*** Dataset records ***

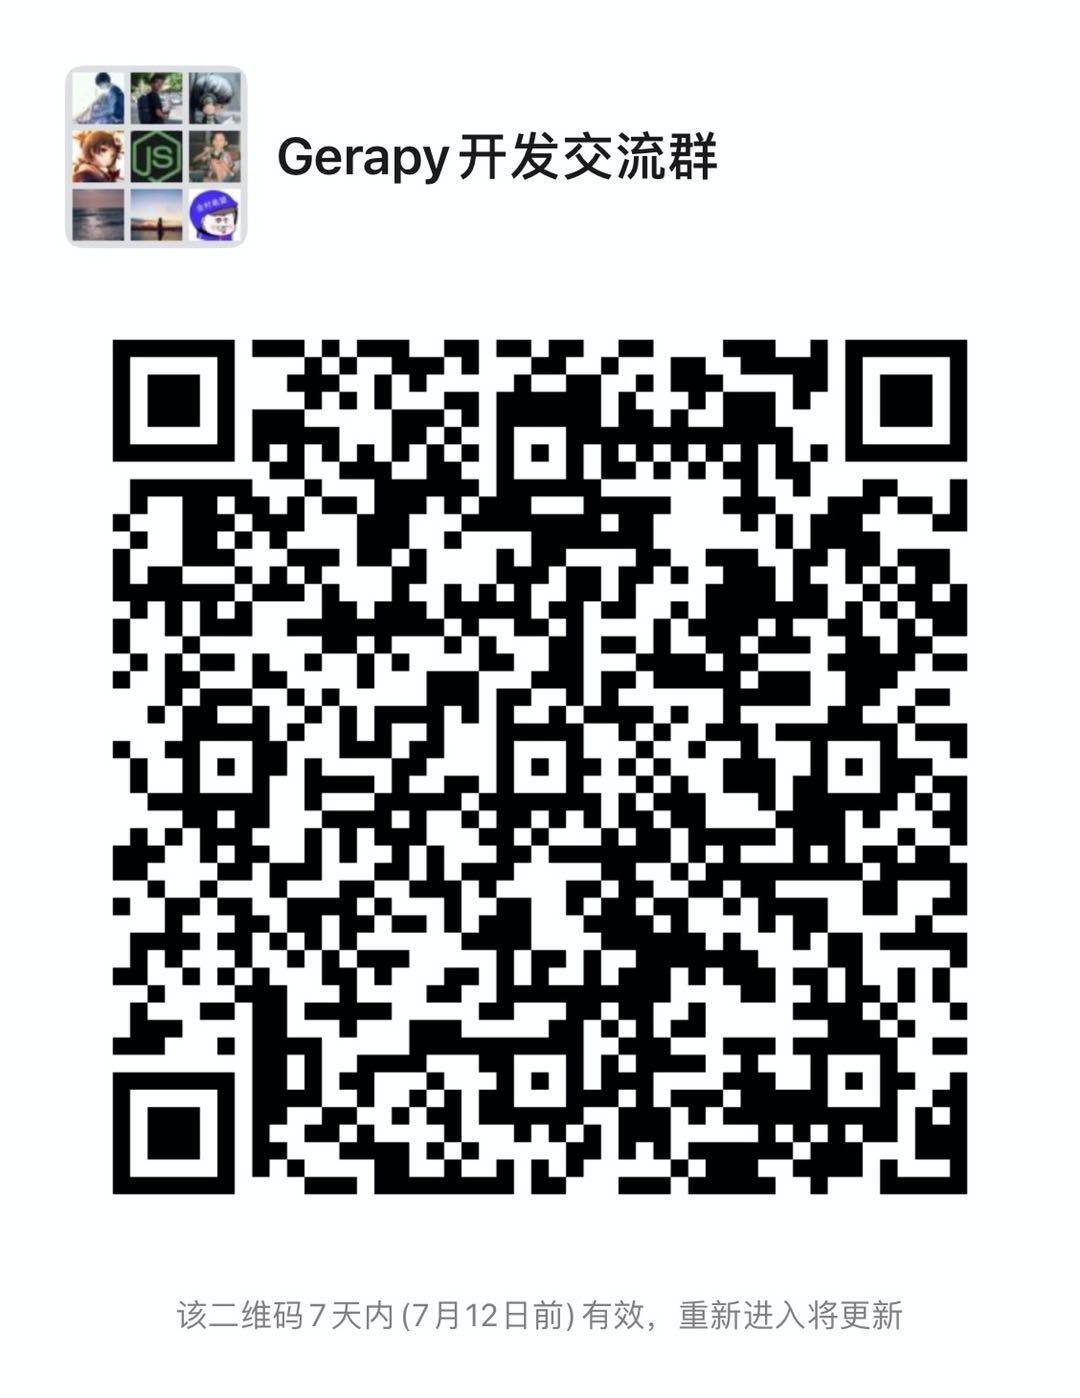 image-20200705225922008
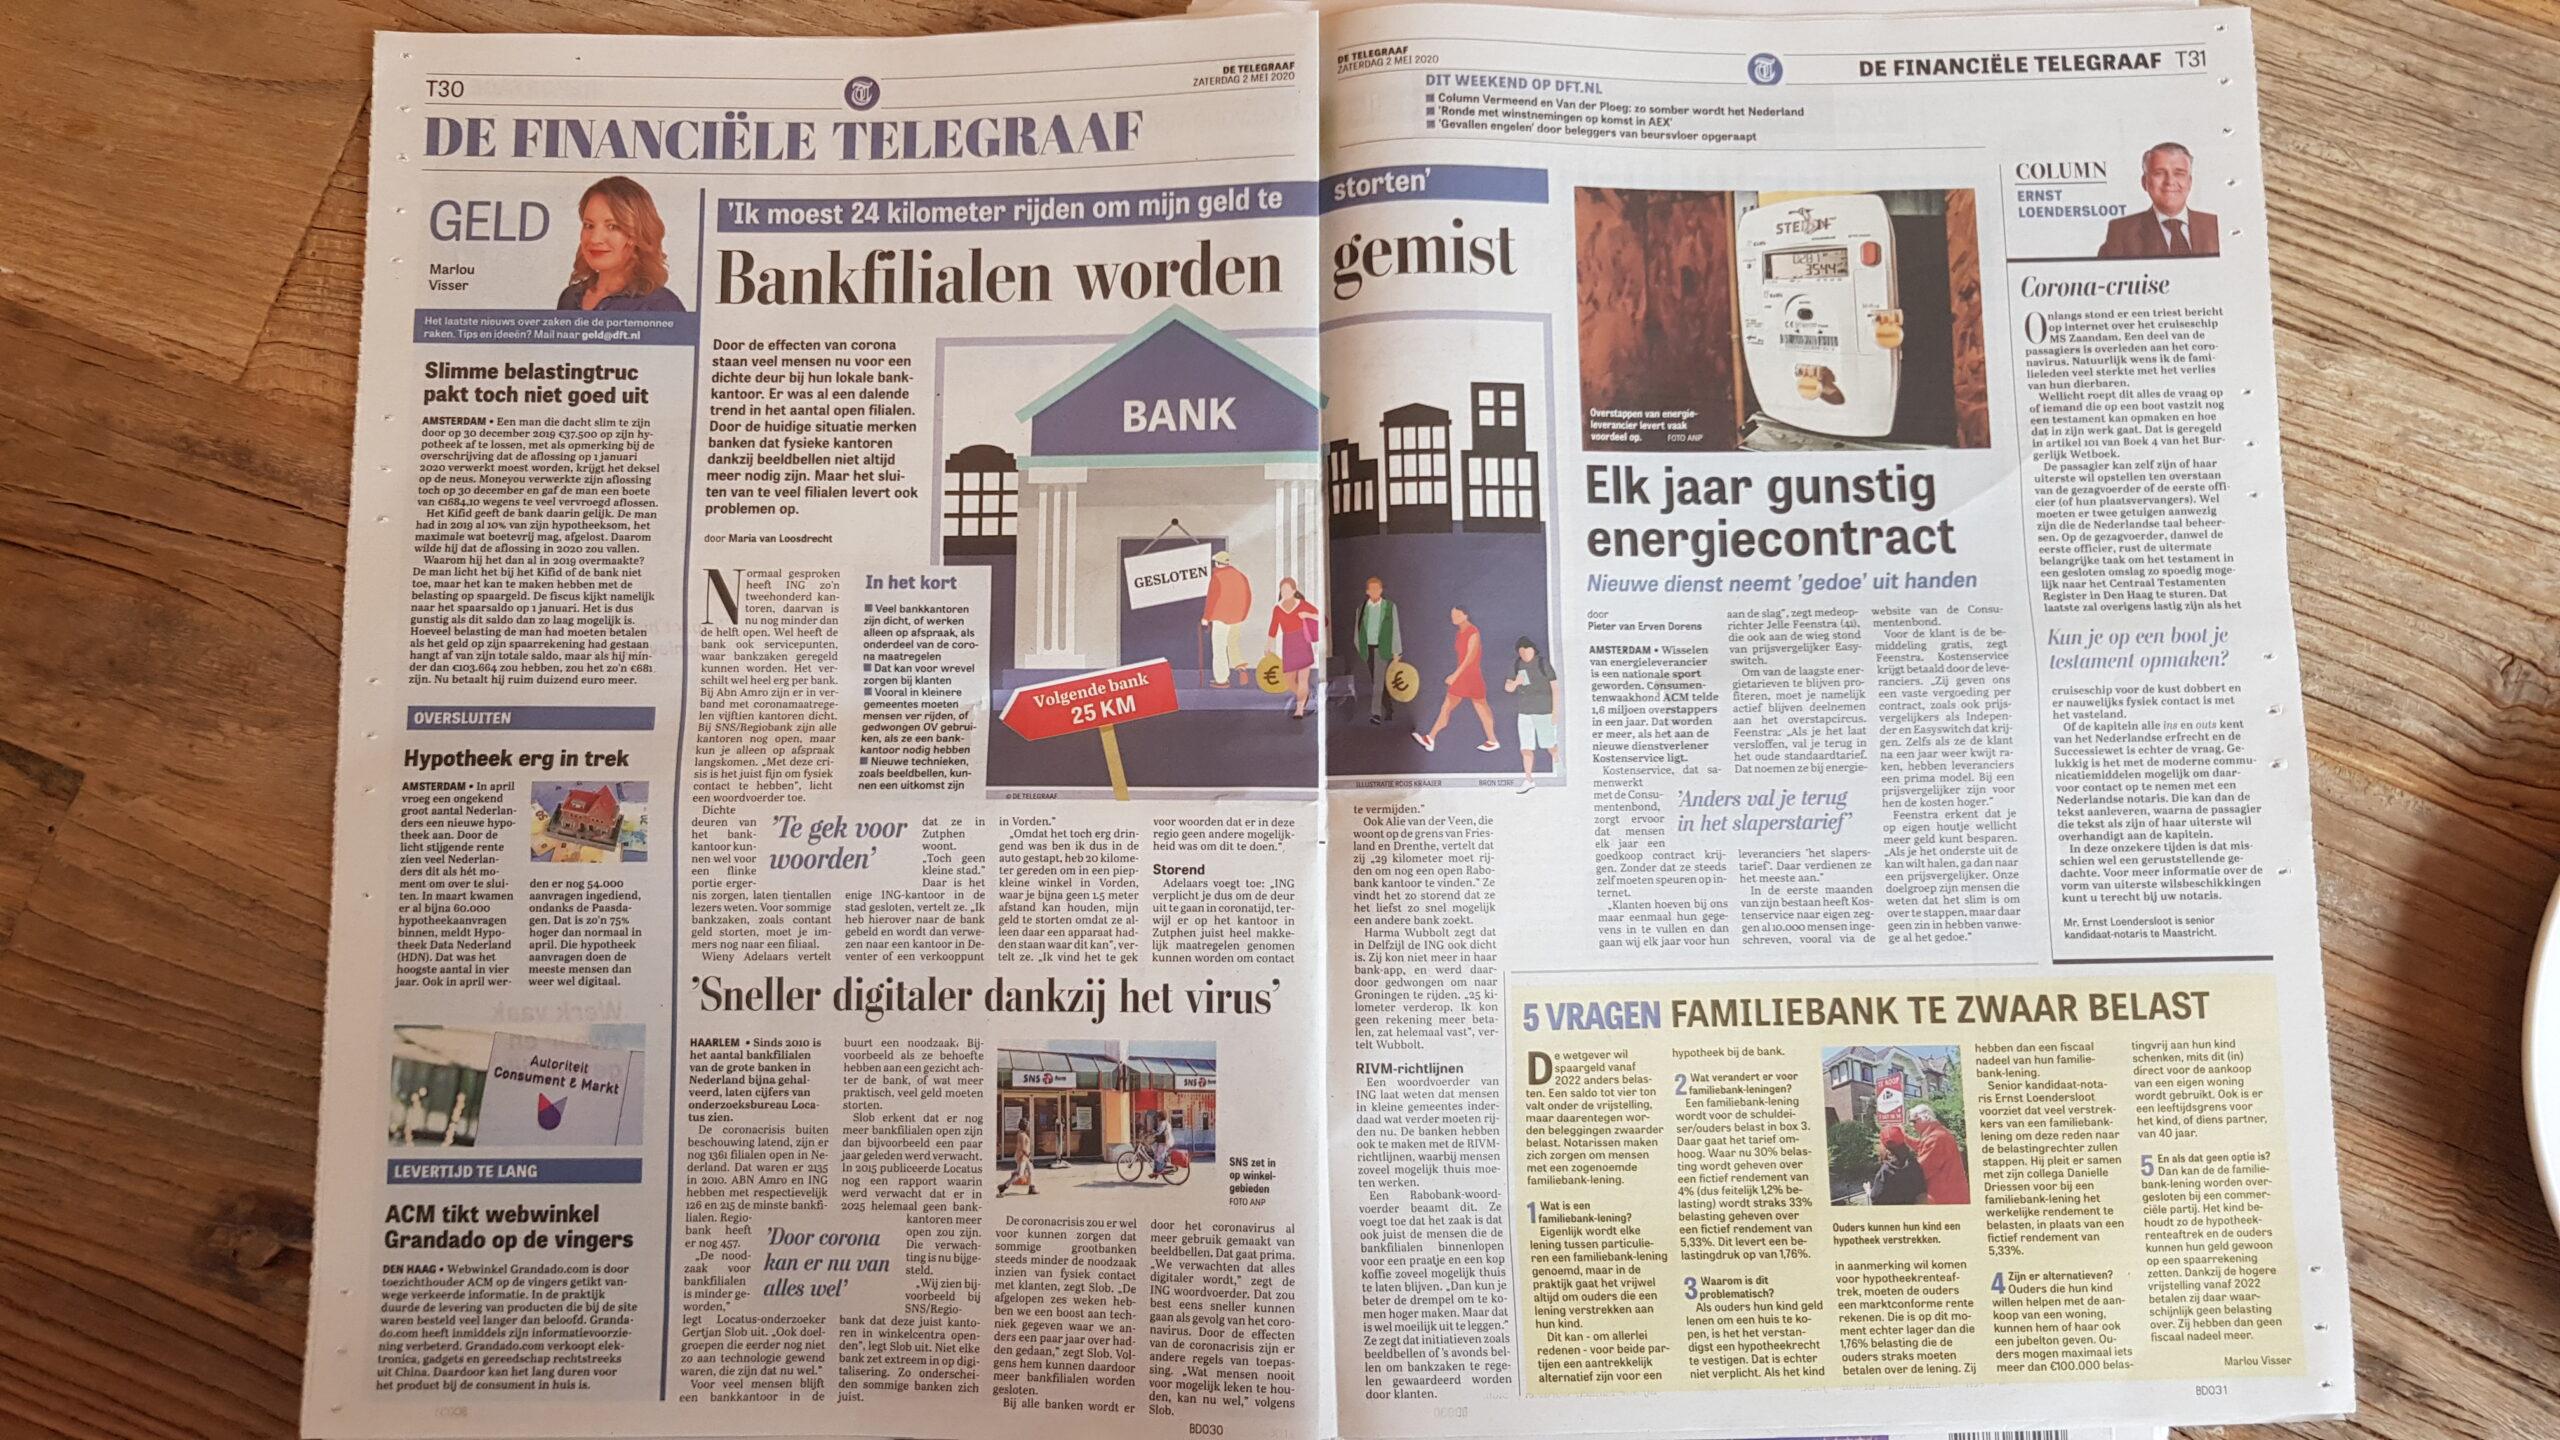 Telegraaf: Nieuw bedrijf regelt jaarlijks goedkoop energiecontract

***
*** Dataset records ***

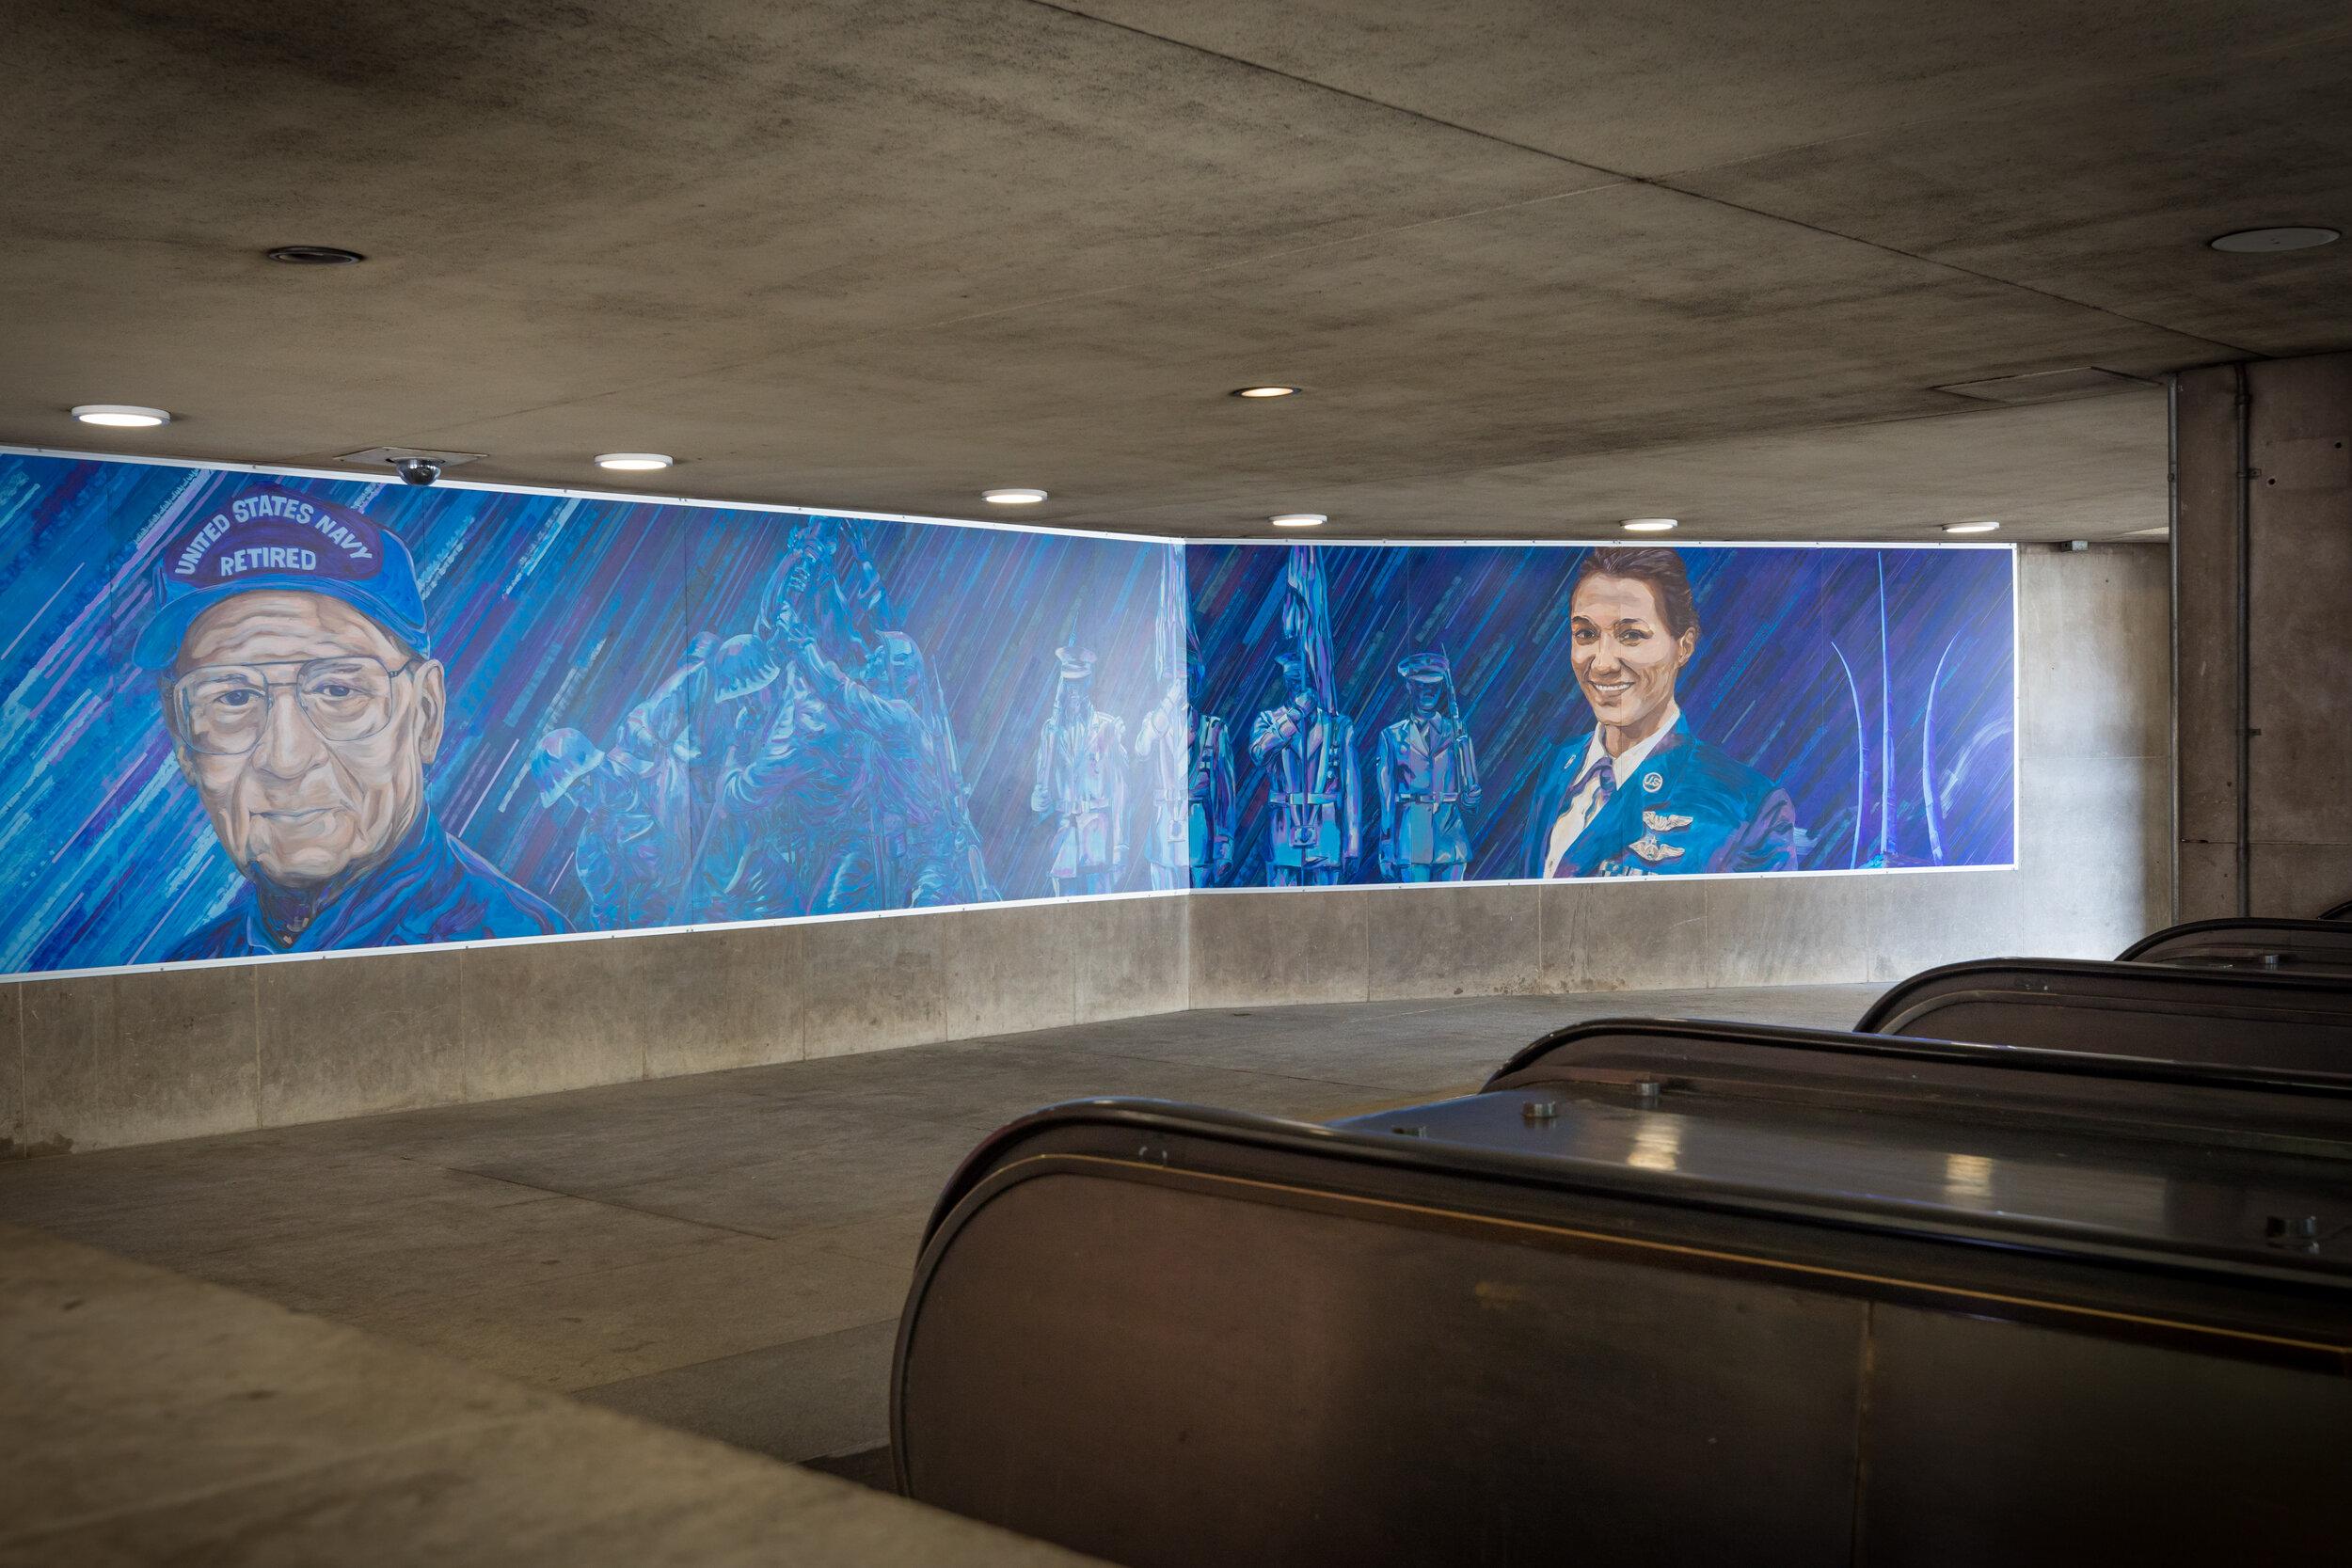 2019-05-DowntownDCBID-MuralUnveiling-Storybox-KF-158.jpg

***

*Work to be completed:*
Output should consist of the lines above from the one with "image-20200705225922008" down to the one with "Telegraaf: Nieuw bedrijf", exact and without pictures.

*Response to this exercise:*
 image-20200705225922008
 Telegraaf: Nieuw bedrijf regelt jaarlijks goedkoop energiecontract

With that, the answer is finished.